Disassembling Christmas

Given that for months the Mid-Atlantic weather has been the dreariest in my reasonably sharp memory, it was particularly tough to think about taking down the Christmas regalia. You may have read my earlier post about the fun time we all had dressing up the house for the holidays, which were grand start to finish. The tree held up well, but by the middle of last week the needles had become noticeably dry and more brittle. That’s my annual signal to stop turning on the lights—safety first and all that. So, by Saturday, we knew it was time.

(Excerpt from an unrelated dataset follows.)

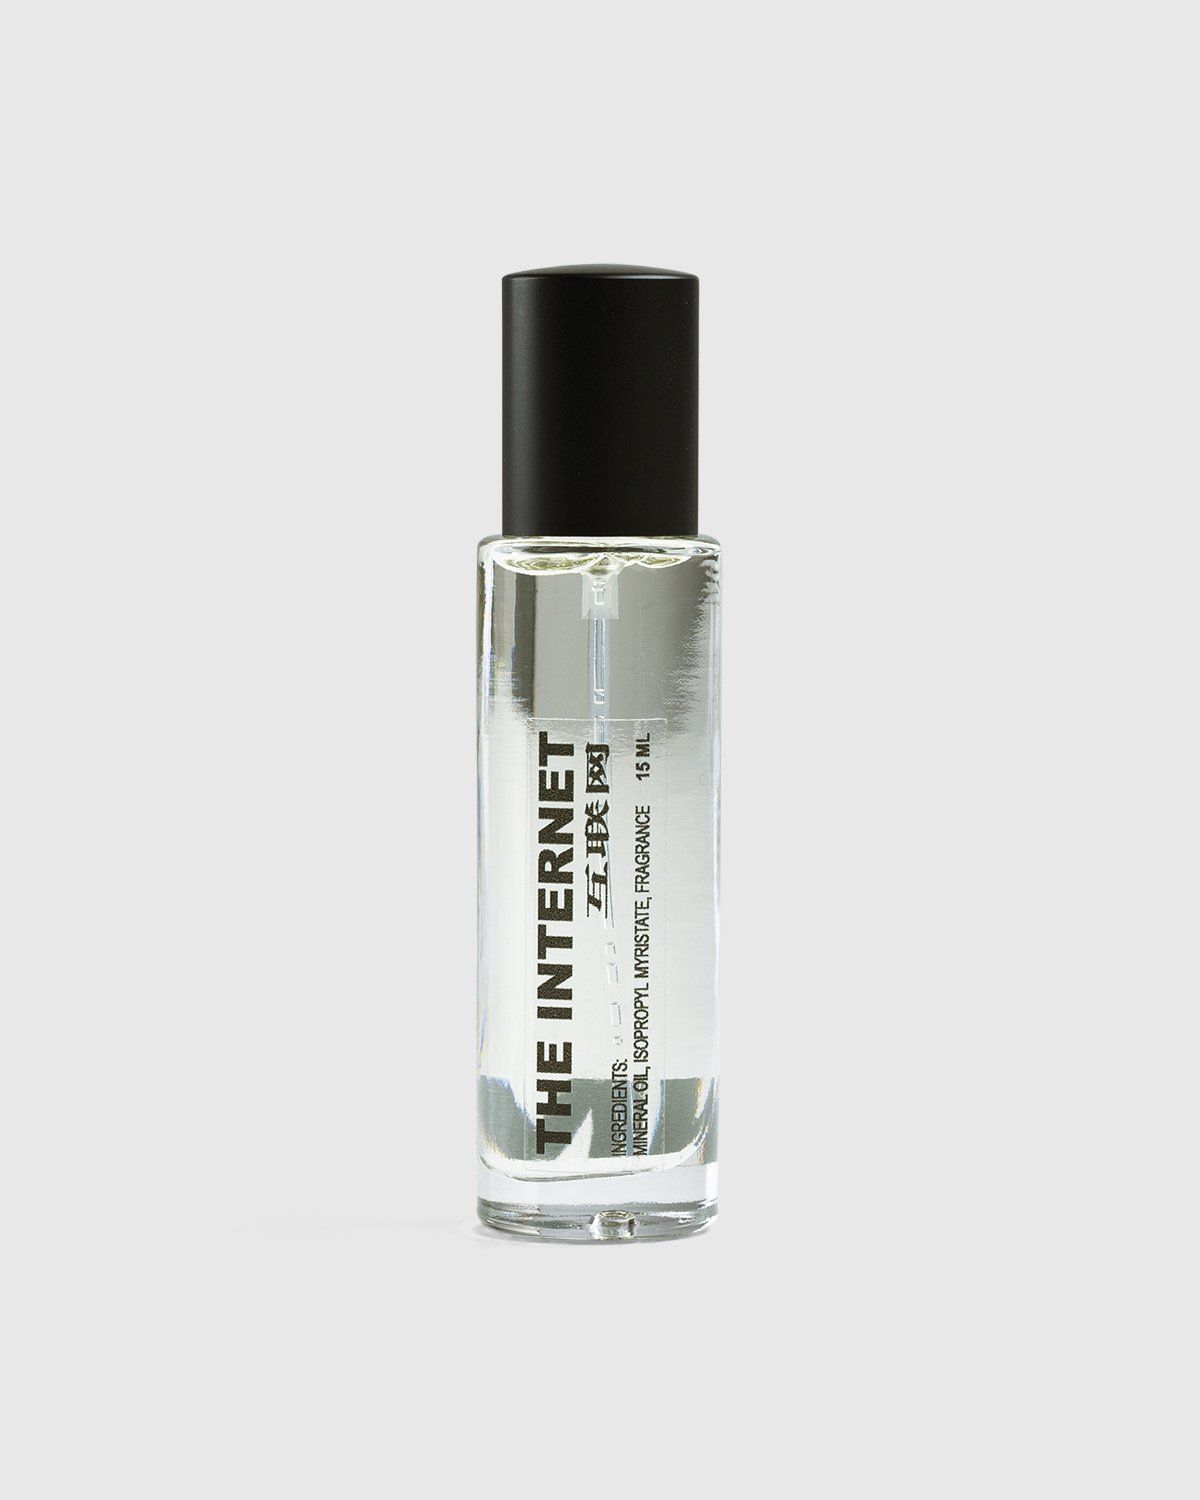 New Models x The Society of Scent x Highsnobiety – Scent of The Internet - Cosmetics - Image 1

Taking down the tree for me is almost as much a trip down Memory Lane as the decorating is. Maybe moreso, because I always resort and repack. Yesterday, I emptied two sealed shoeboxes that had been sitting on the basement shelf since our last move, in which I had stored more of the ornaments we had when the kids were babies, plus a number of those precious handmade ones from their primary school years. There is absolutely no way to put a price on such treasures, as any parent knows. Now, those special ones, plus all the others, have been carefully stowed away in secure, accurately labeled containers that stack beautifully on a basement shelf. The larger containers, not pictured, hold the red glass balls, of which there are many, and the lights, of which there never seem to be enough. I store the miscellaneous decor—the Santas and so forth—in the dresser of one of the guest bedrooms.

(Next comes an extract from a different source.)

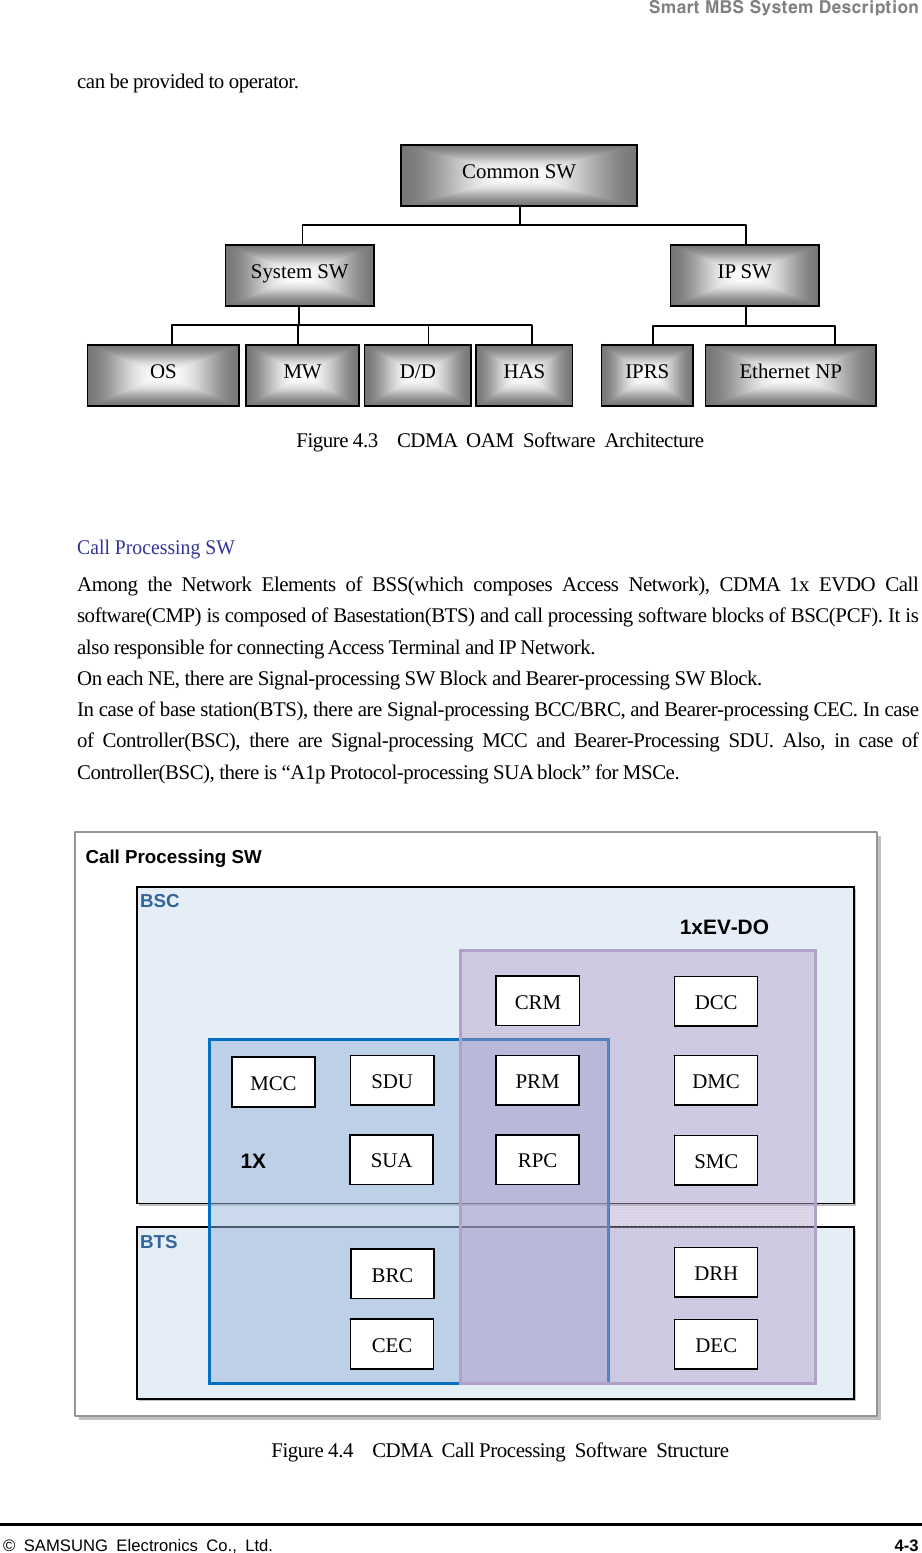  Smart MBS System Description © SAMSUNG Electronics Co., Ltd.  4-3 can be provided to operator.  Figure 4.3  CDMA OAM Software Architecture   Call Processing SW Among the Network Elements of BSS(which composes Access Network), CDMA 1x EVDO Call software(CMP) is composed of Basestation(BTS) and call processing software blocks of BSC(PCF). It is also responsible for connecting Access Terminal and IP Network. On each NE, there are Signal-processing SW Block and Bearer-processing SW Block. In case of base station(BTS), there are Signal-processing BCC/BRC, and Bearer-processing CEC. In case of Controller(BSC), there are Signal-processing MCC and Bearer-Processing SDU. Also, in case of Controller(BSC), there is “A1p Protocol-processing SUA block” for MSCe.  Figure 4.4  CDMA Call Processing Software Structure Common SW System SW  IP SW OS  MW  D/D  IPRS  Ethernet NP HAS BSC Call Processing SW BTS MCC  SDU SUA DCC DMC CRMRPC  SMC PRM1xEV-DO 1X BRC CEC DRH DEC

We ushered out the old and welcomed in the new with a thorough cleaning. I kept the poinsettia, which still looks bright and healthy, and put a pale blue and green cloth from Provence on the table. The whole process took a significant chunk of the weekend, but now we’re good to go till next year. This week, I’ll find some bulbs to force or maybe a cyclamen, for color and a little more oxygen to help chase the winter gloom. A simple pleasure if ever there was one.

All sort and tucked away for next year.
I’ve “repurposed” these containers, which many moons ago held shoes, many times. I think they’ve found their ultimate purpose at last.